IES VisualAnalysis User's Guide
Plate Elements
Plate or shell elements are useful to model walls, slabs, roof systems or other flexible diaphragms either in bending or in shear. Mathematically plate elements are thin, 2D areas that may be represented as quadrilateral or triangular shapes (they do not exhibit through-thickness stress variations like a 3D brick element). Since the finite element analysis method always produces approximate results it is crucial to refine the mesh until the results converge to minimize the error between the calculated solution and the actual solution. There is always a trade-off of performance vs. accuracy when using plate meshes. Generally an increased number of plates produces more accurate results, but requires more time to analyze and can increase the length of reports.

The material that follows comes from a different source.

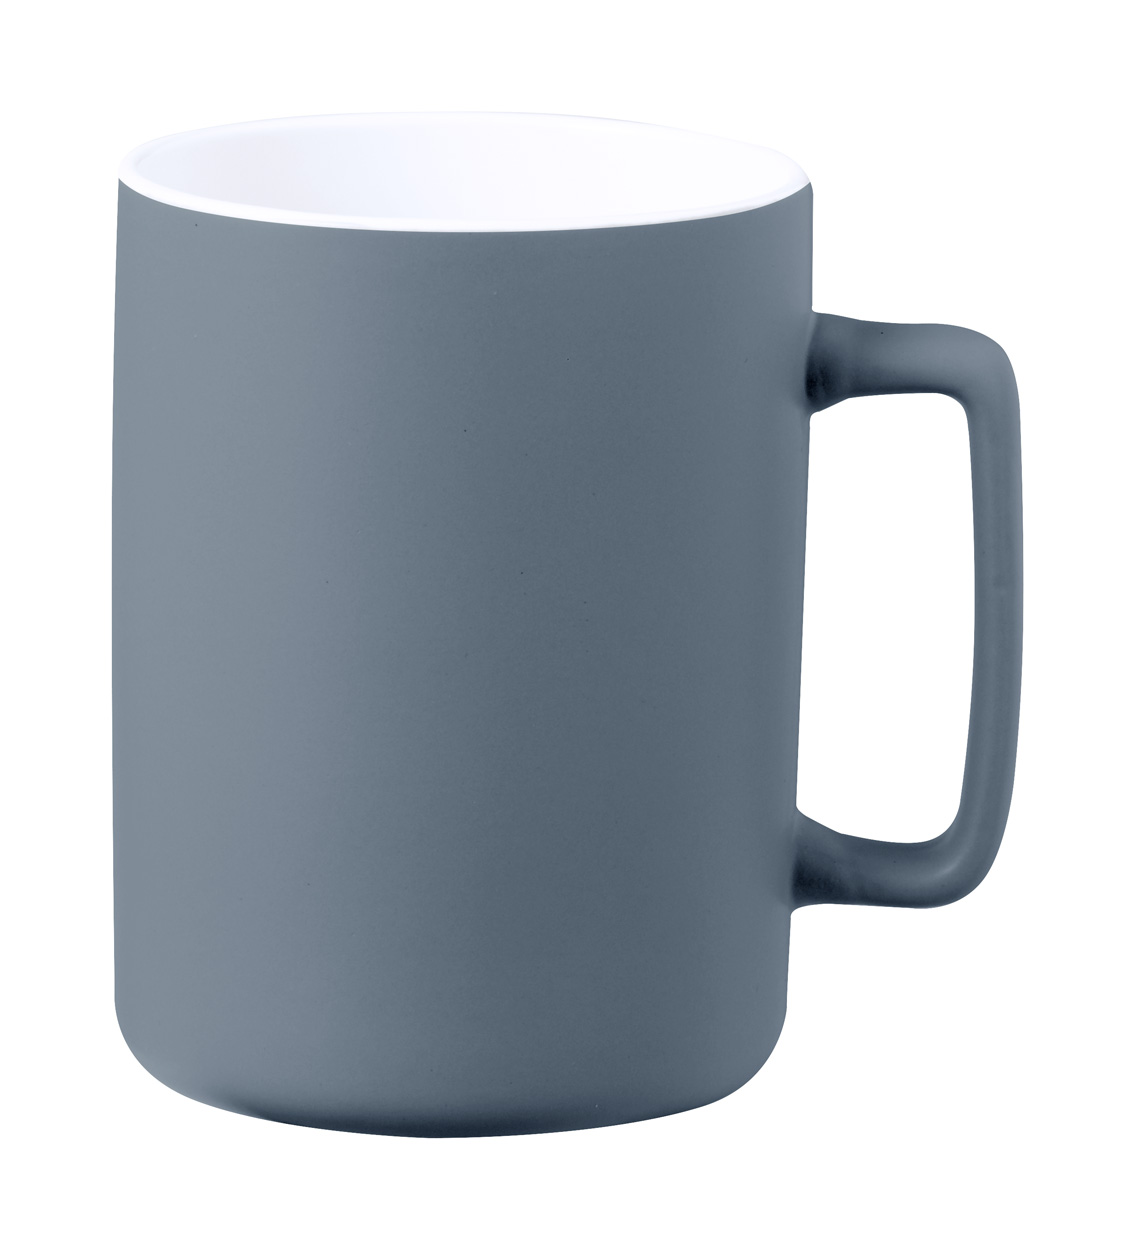 Kubaya mug - grey
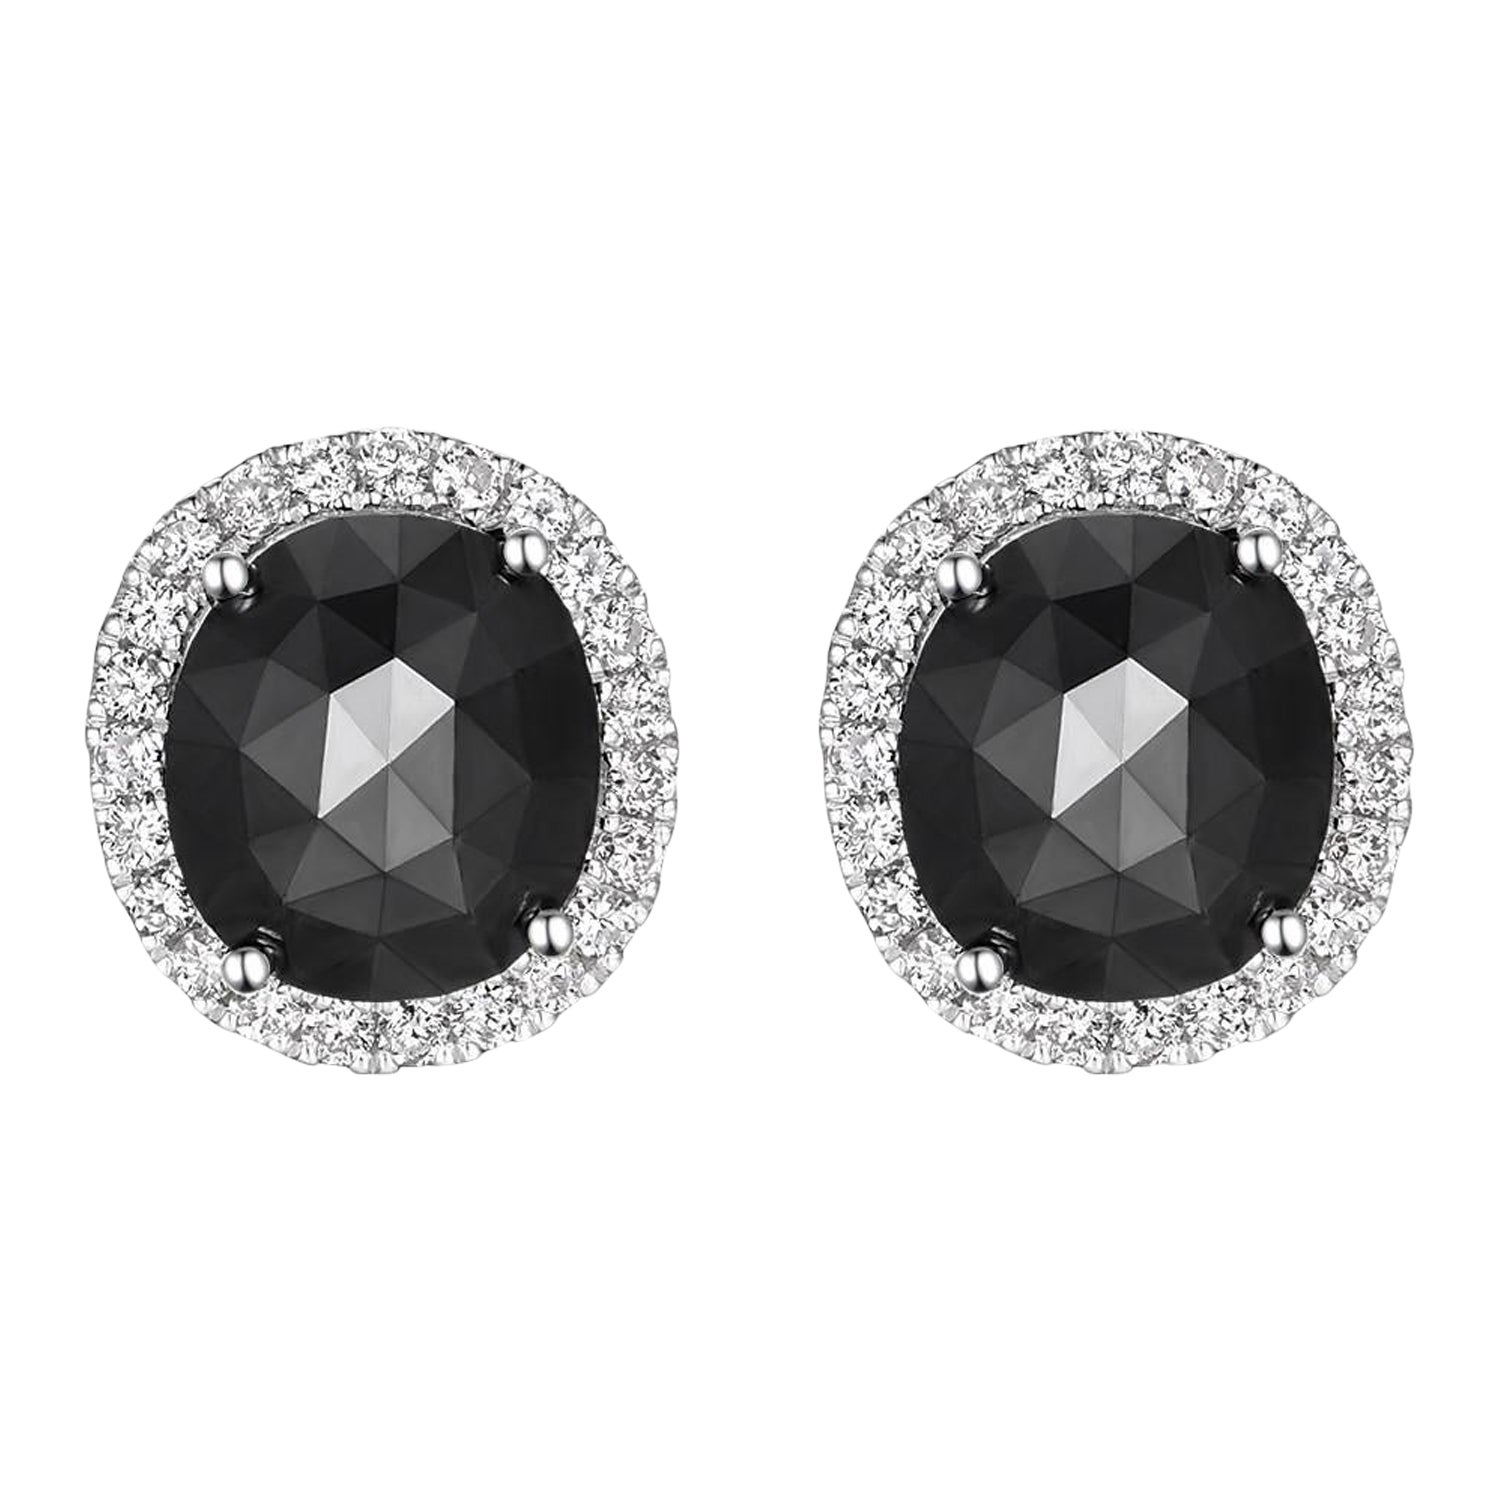 2.29 Carat Rose Cut Black Diamond Stud Earring in 14K White Gold For Sale

In VisualAnalysis, plates can be drawn manually or generated automatically using Areas. Use the command to draw either triangular (3-nodes) or quadrilateral (4-nodes) plates on the Grid or to existing nodes in the Model View. To create a triangular plate element using this feature, double-click on the last point (when four points are selected, a quadrilateral plate is created automatically). Plates can also be created using the feature based on three or four existing nodes in the model. To create plates using Areas, draw an Area using the command and enable the Generate Plates feature in the Meshing section of the tab for the selected Area. The Mesh Element Area in the Project Settings will control the size of elements in the mesh unless the Override Mesh Size feature is used to set the Element Area for a selected Area. Auto-generated plates require the advanced level of VisualAnalysis, but offer more flexibility, separation of loads from plates, and provide edge results that are easier to interpret. After plate elements are created, they can be selected to specify the thickness and material properties. Note: The Weightless parameter can be used to include or exclude the weight of particular element(s) in the analysis.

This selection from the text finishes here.